Pricing information for each backend

Hey,

would rclone be interested in adding pricing information for each backend on the backend support page?

I would be willing to gather the initial data, maybe even write up a small javascript calculator so you can instantly see which backend is cheapest for your needs.

Kind regards,
ambiso

That is certainly an interesting idea!

It might be annoying to keep up to date.

The overview page might not be the best page for it - maybe it could be on its own page.

The input data could come from a google 'sheet and the release process could build the page from the 'sheet

Maybe rclone should have some affiliate links here too (clearly marked as supporting the project).

Some of the pricing structures for the providers are complicated though.

It might be annoying to keep up to date.

Certainly! But I feel like rclone could be the place where there is the most incentive to keep this up to date.

I guess the easiest prototype could be just a Google sheet? Although I think the data should be git tracked eventually, so you can issue updates via pull requests.

Affiliate links sound like a great way to support rclone devs.

Yeah, some of them are complicated. There should be some disclaimer that the calculator may be inaccurate, out of date or disintegrate upon use :slight_smile:

I really like this idea... I've been thinking about something similar for ages but haven't got off the notepad!

Starting with a Google 'sheet sounds like a good plan.

I'll just brainstorm a few ideas for things we might need in the sheet.

Basics

  • cost per GB / month
  • cost per GB upload
  • cost per GB download
  • cost per transaction
    • getting complicated here but for something like s3 the transactions are really important).
    • we could maybe estimate cost per transaction if the user put in an expected use, or average size of file or something like that.

Some providers charge in chunks like you can get 1TB, 5TB, 20TB plans. How should we compare these to the providers that charge per byte?

What about currencies? Some providers only charge in $ or EUR, some will charge in any currency. Maybe keep the native currency and convert using a current exchange rate?

How do you see the UI working? The calculators I've seen you put in how many TB you want to store and how many GB you want to upload and download each month. That would work out OK. For the tiered providers we could pick a tier which would accommodate that amount of TB.

Some dropdowns for expected use to help set the parameters might be interesting, eg daily backup, video streaming, long term archive, other... So daily backup of 5TB of data - we can then estimate upload / download / transactions which nobody has a clue what to put in!

Things to watch out for - are the providers quoting per GB = 1,000,000,000 bytes or GiB = 1,073,741,824 bytes? For example s3 use GiB whereas b2 uses GB (reasonably sure about this).

Some providers offer different tiers hold, cold, infrequent, etc which it would be nice to get in.

Some providers offer bulk discounts.

I think whatever we do it will never be totally accurate, however we can get feedback of real world usage from rclone users which could help estimate the actual bills which will make it more accurate than most calculators when users just put in random data!

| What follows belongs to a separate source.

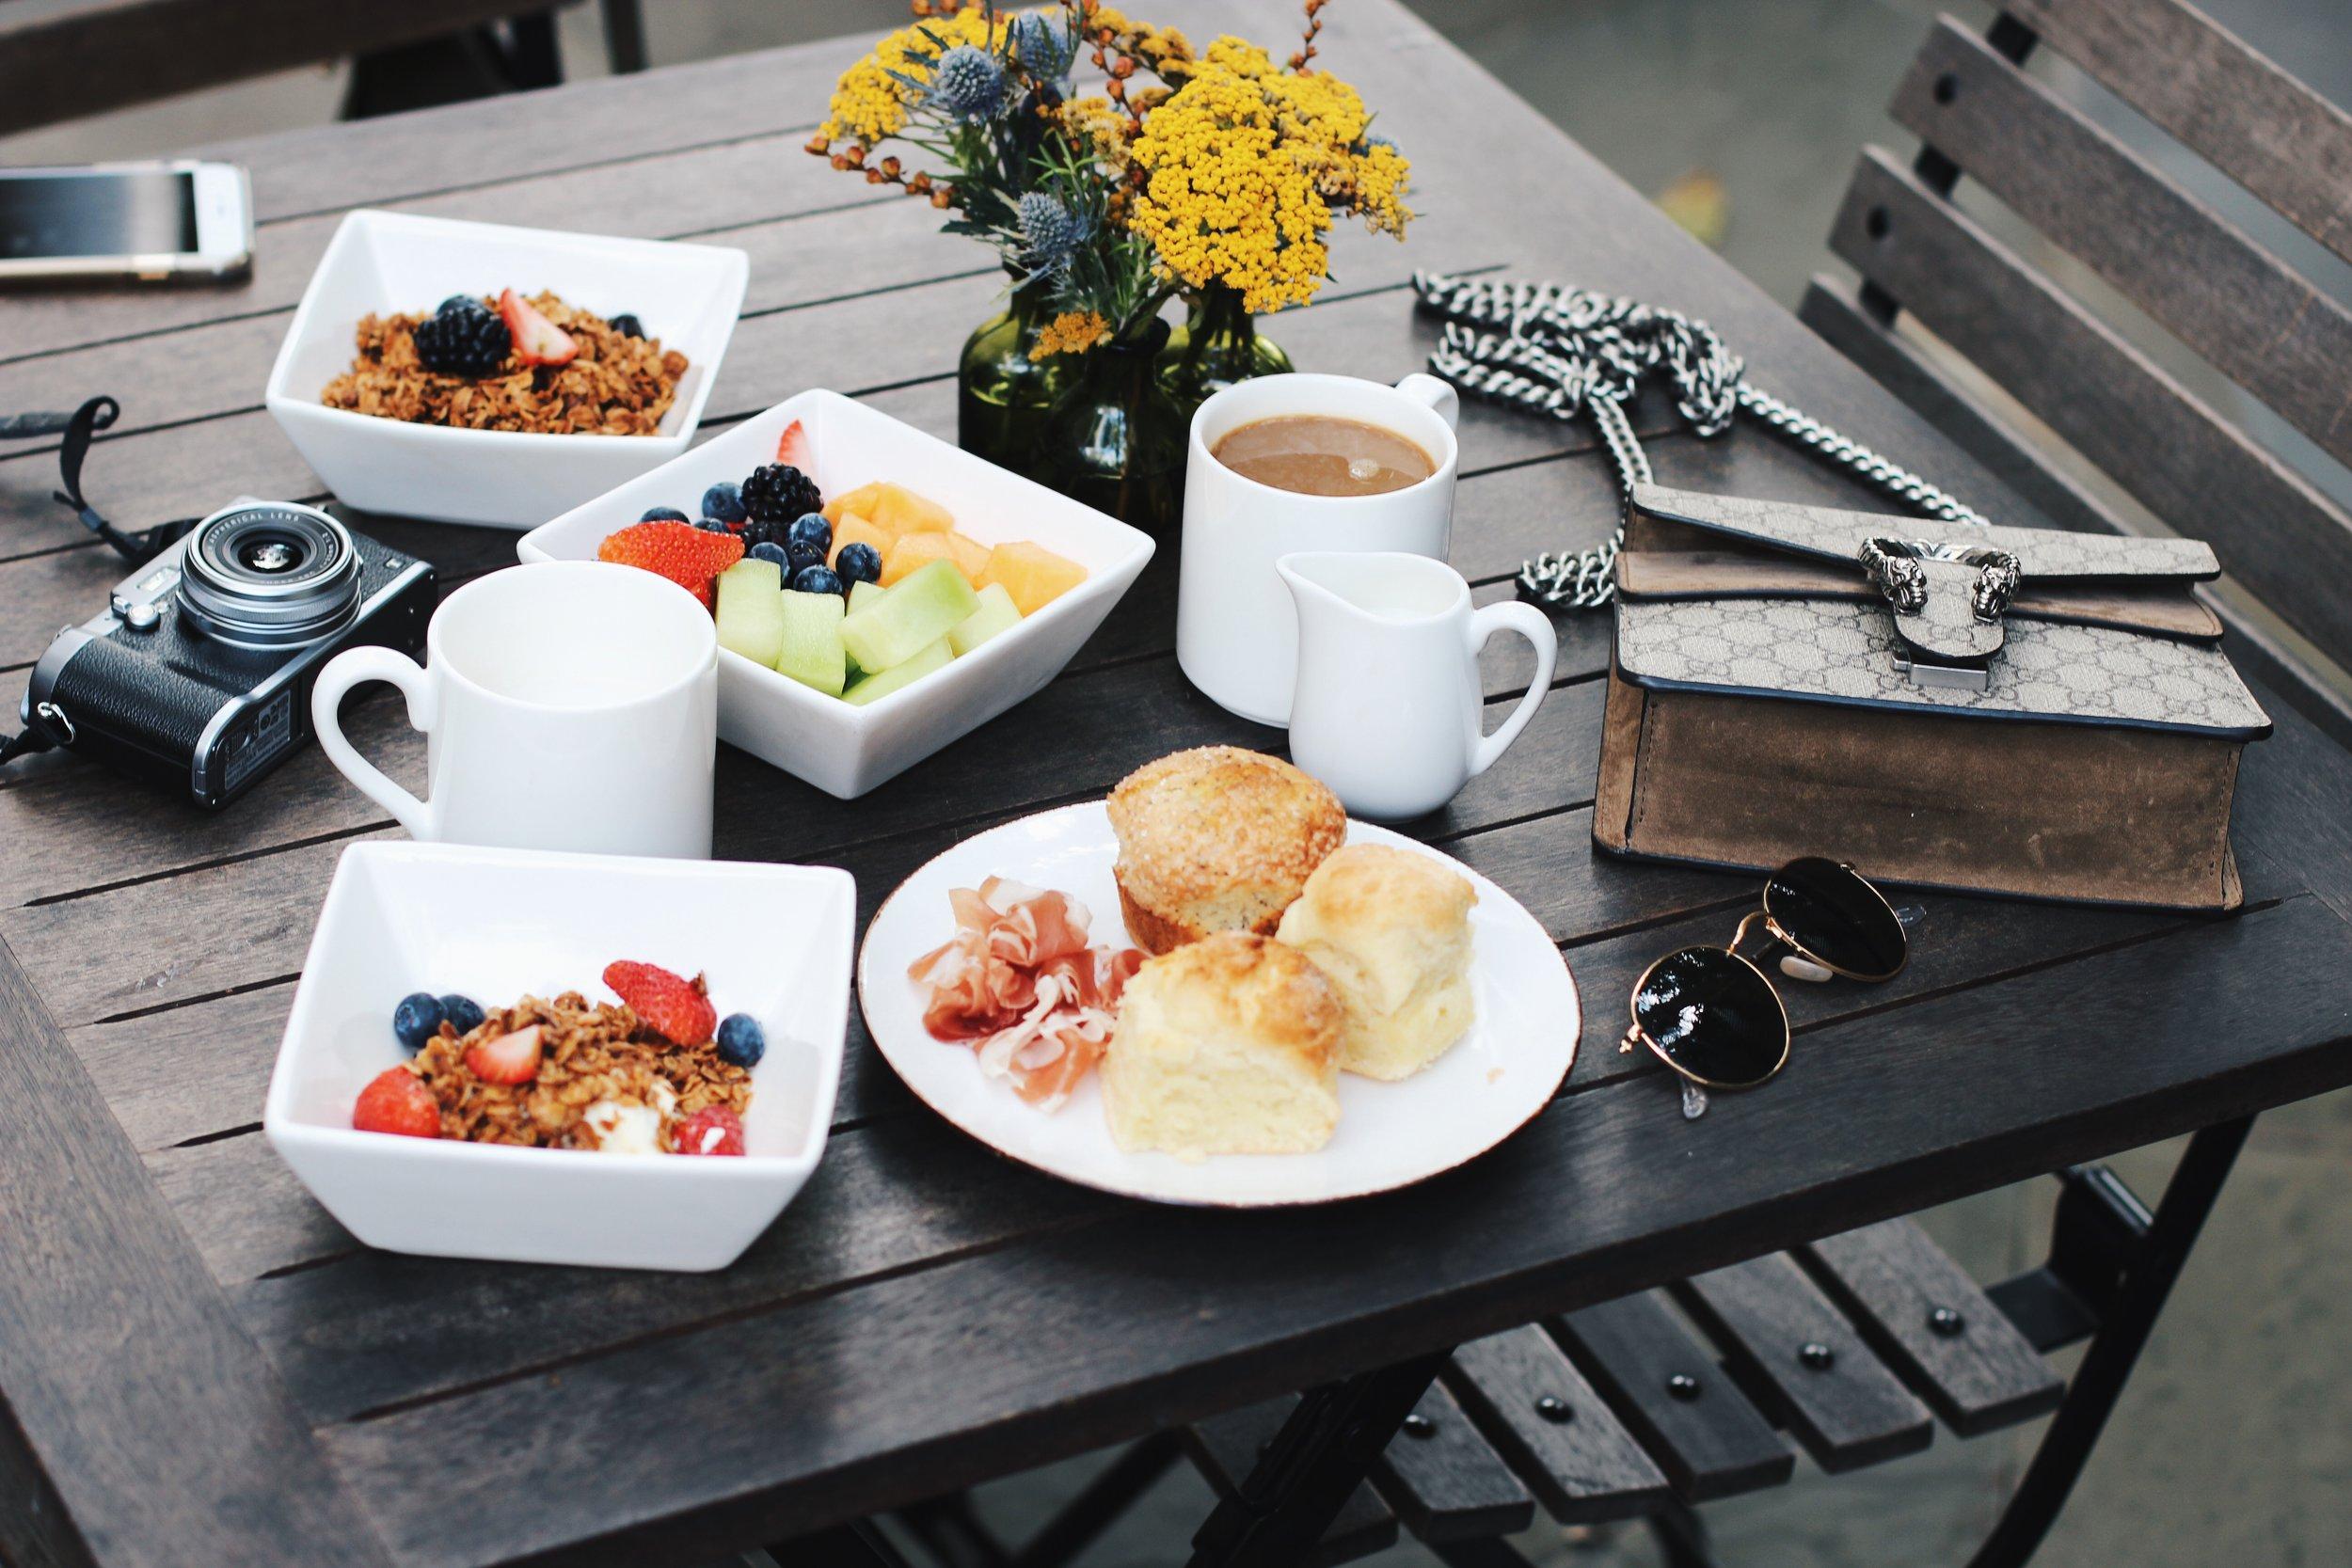 Breakfast at the Zero George Hotel by Julia Friedman in Charleston, South Carolina.

Maybe you can create a Google sheet so we can experiment with it a bit?

Basics [...]

I've never really used S3 and don't know about cost per transaction, maybe you can share a link for that pricing information?

There should be some distinction for business vs individual plans. Although individuals can sometimes just sign up as business customers, it doesn't work the other way around.

I think we should also add an option for how many months the storage is needed.
Many providers offer a discount for when you pay annualy. pCloud even has a lifetime offer.

Some providers charge in chunks like you can get 1TB, 5TB, 20TB plans. How should we compare these to the providers that charge per byte?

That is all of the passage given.